In the heat exchanger 8, a heat transfer tube (not shown) may be formed of aluminum.
In the conventional indoor unit 1, copper is used for the heat transfer tube of the heat exchanger 8, but the heat exchanger 8 can be configured at a reduced cost by using aluminum as the heat transfer tube. Further, since aluminum is more vulnerable to corrosion than copper, it is necessary to take corrosion countermeasures assuming that the lower part of the front heat exchanger 8a is immersed in water, and it is necessary to cost the corrosion countermeasures. However, in the present embodiment, the lower part of the front heat exchanger 8a has a structure that is difficult to be immersed in the dew condensation water, and the corrosion resistance of the aluminum heat transfer tube can be increased, so that the cost for the corrosion countermeasure can be suppressed.

1 indoor unit, 2 design grille, 3 panel, 4 air inlet, 5 up and down wind direction variable vane, 6 air outlet, 7 pre-filter, 8 heat exchanger, 8a front heat exchanger, 9 cross flow fan, 10 inlet air Road, 11 Nozzle, 11a Drain pan, 11b Air layer, 11c Nozzle cover, 11d Nozzle projection, 11e Drainage groove, 12 Box part, 13 Air outlet, 14 Stabilizer, 14a Projection part, 14b Tip part, 14c First recess, 14d 2nd recessed part, 14e longitudinal groove, 14f longitudinal groove rib, 14g R part, 14h 3rd recessed part, 15 left-right wind direction variable vane, 16 drain hose attachment part.

Claims

With fans,
A heat exchanger provided so as to surround above and forward of the fan;
A nozzle located below the heat exchanger located in front of the fan and provided toward the fan;
A stabilizer provided along a part of the outer periphery of the fan on the fan facing surface of the nozzle,
The stabilizer is
It has a tip at the boundary with the nozzle, and has a protrusion below the tip,
An indoor unit of an air conditioner, wherein a concave first recess that is continuous in the longitudinal direction of the fan is formed between the protrusion and the tip.
The stabilizer is
The indoor unit of the air conditioner according to claim 1, wherein a concave second concave portion that is continuous in a longitudinal direction of the fan is formed in a lower portion of the first concave portion.
The stabilizer is
An R portion having a shape that is convexly curved toward the fan is provided at the boundary with the blowing air passage located below the fan.

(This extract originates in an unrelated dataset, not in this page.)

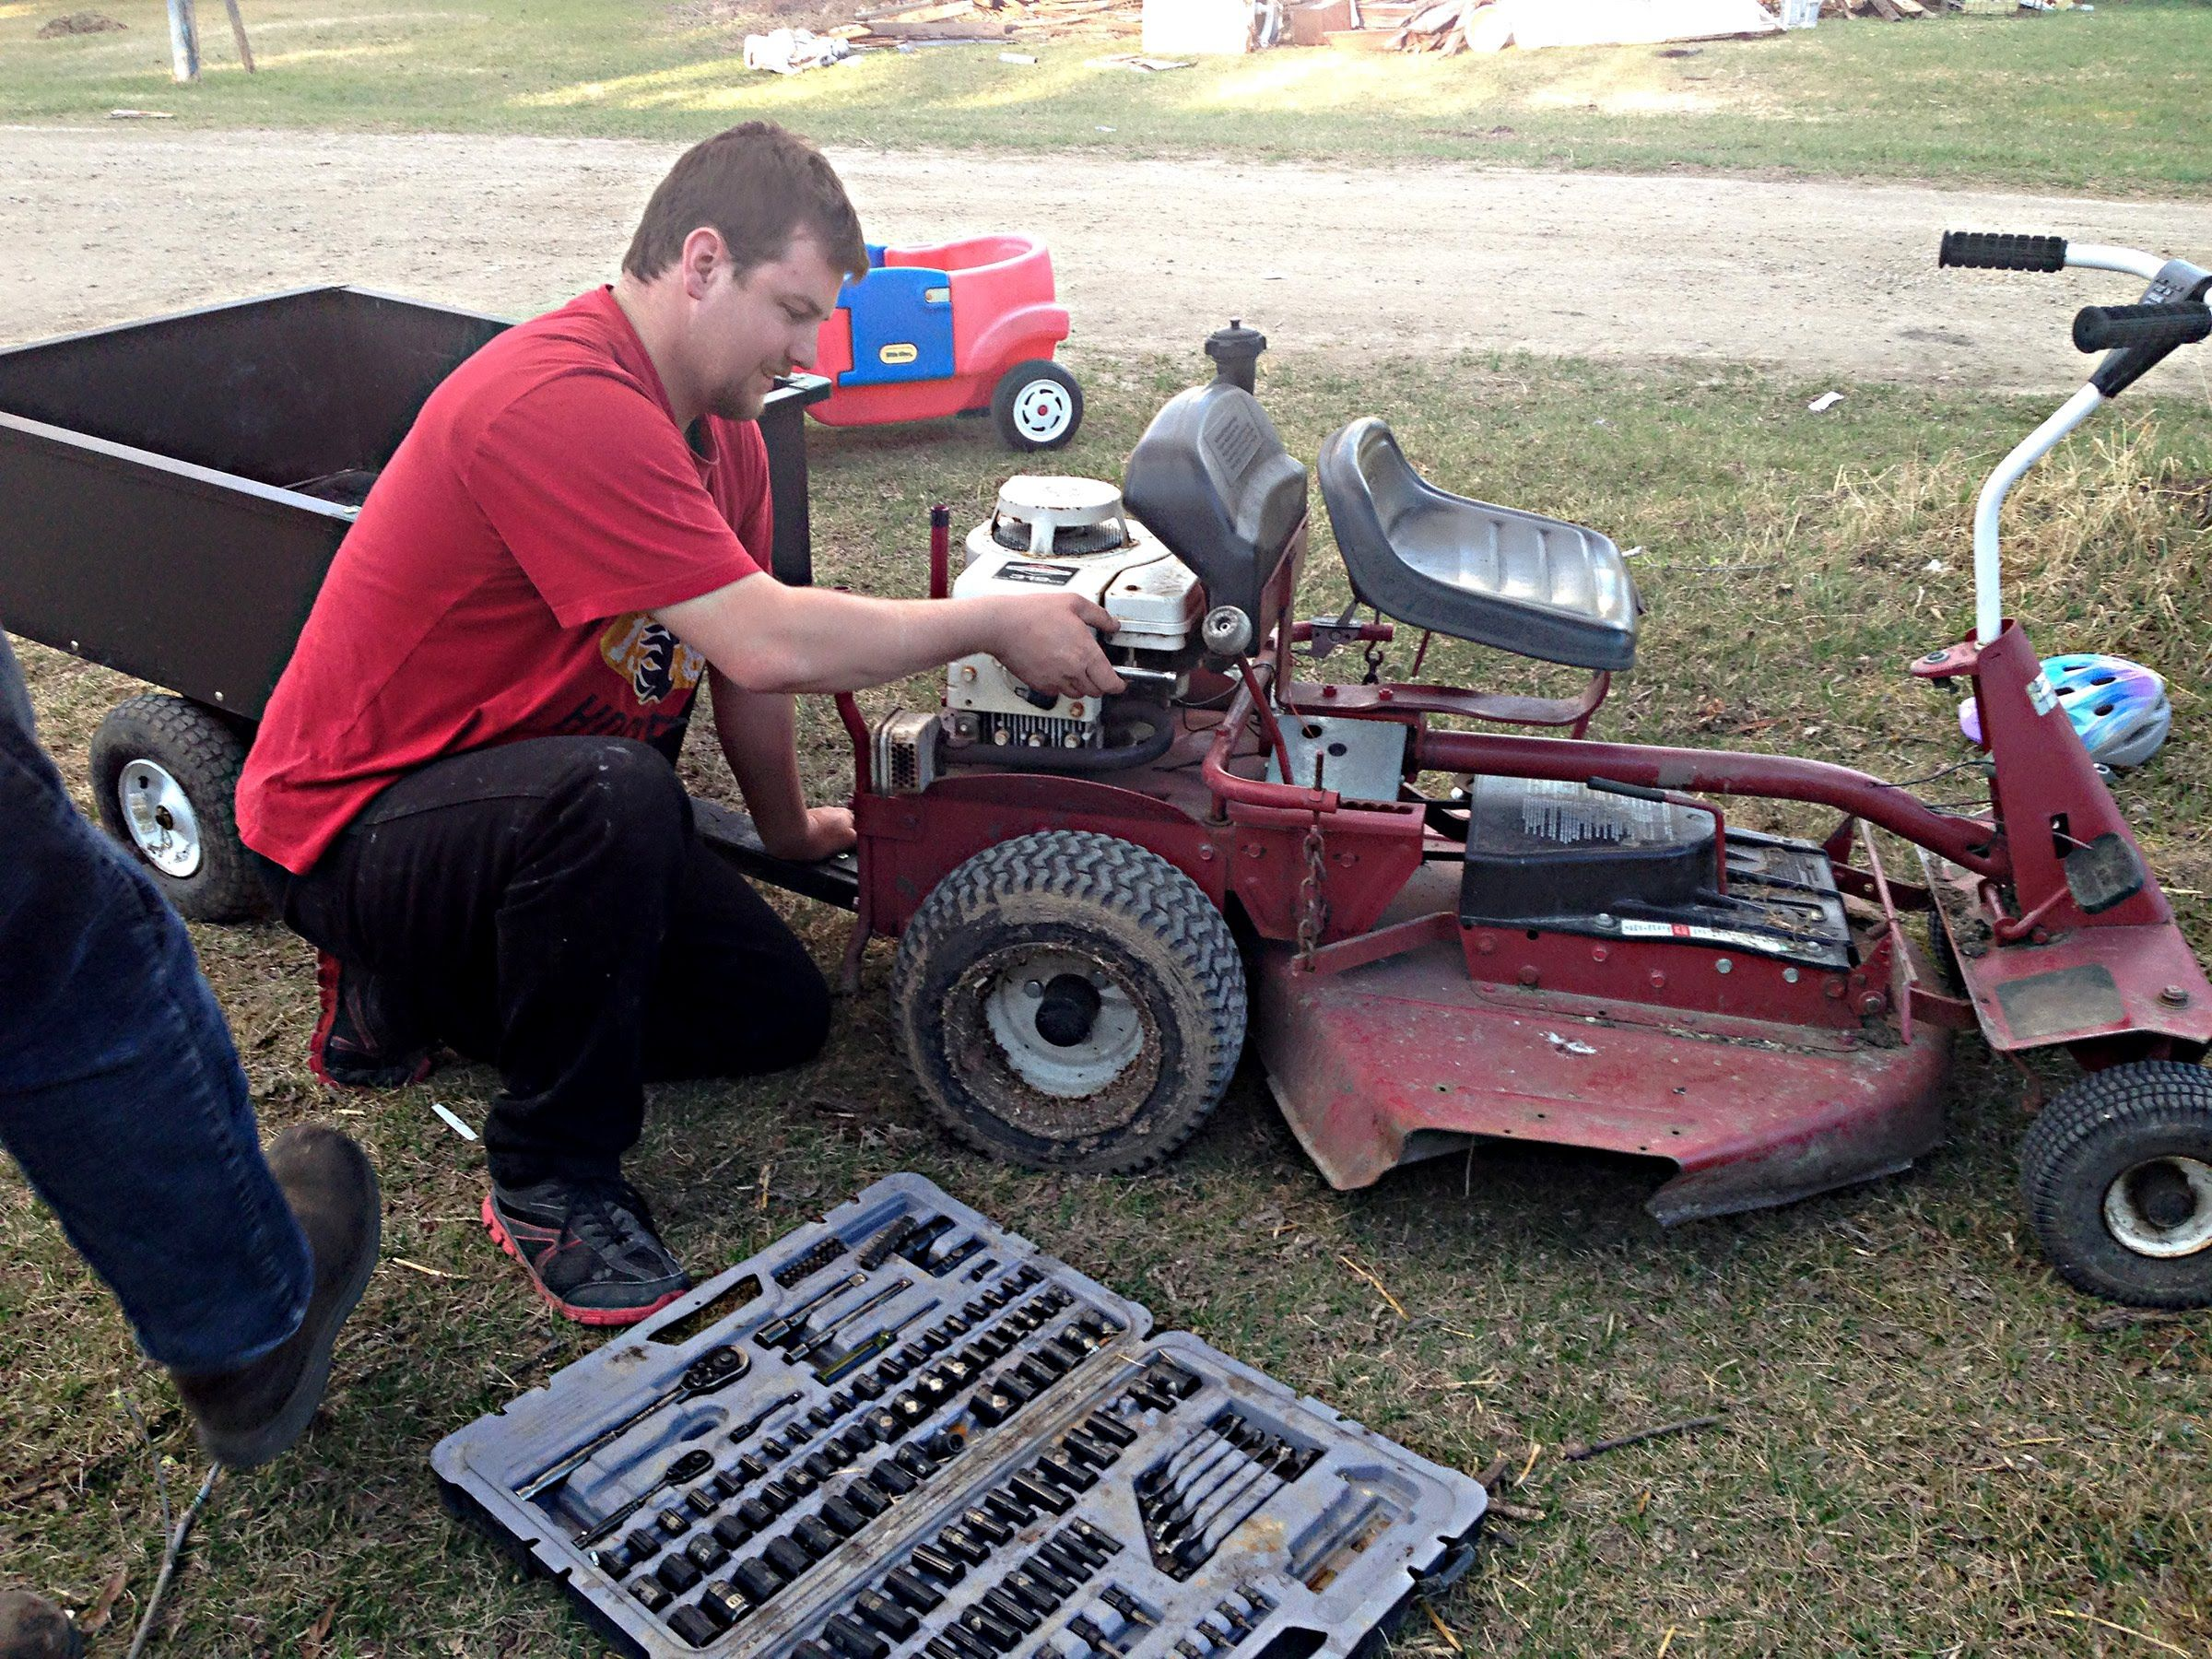 Old Snapper Tractor Wiring Harness Riding Lawn Mower Screech School Pinterest 2400x1800

A plurality of vertical grooves are formed in the R portion side by side in the longitudinal direction of the fan,
The plurality of longitudinal grooves are provided with longitudinal groove ribs,
The position of the longitudinal groove rib is regularly changed in an oblique direction along the outer periphery of the fan,
The indoor unit of an air conditioner according to claim 1 or 2, wherein a third recess is formed by the vertical groove rib filling a part of the vertical groove.
The nozzle is
Forming a drain pan that catches the condensed water generated in the heat exchanger;
The gap between the drain pan and the heat exchanger located in front of the fan is
The indoor unit for an air conditioner according to any one of claims 1 to 3, wherein the indoor unit is 2 mm or less.
The nozzle is
The indoor unit for an air conditioner according to any one of claims 1 to 4, wherein a nozzle cover is attached to the lower surface via an air layer.

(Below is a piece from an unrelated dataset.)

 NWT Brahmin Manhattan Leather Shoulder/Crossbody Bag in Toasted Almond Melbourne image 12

A portion of the nozzle forms a drain,
The drain is
6. The indoor unit of an air conditioner according to claim 1, wherein at least one of a heat insulating material and a water absorbing material is attached.
The heat exchanger tube of the heat exchanger is
The indoor unit for an air conditioner according to any one of claims 1 to 6, wherein the indoor unit is made of aluminum.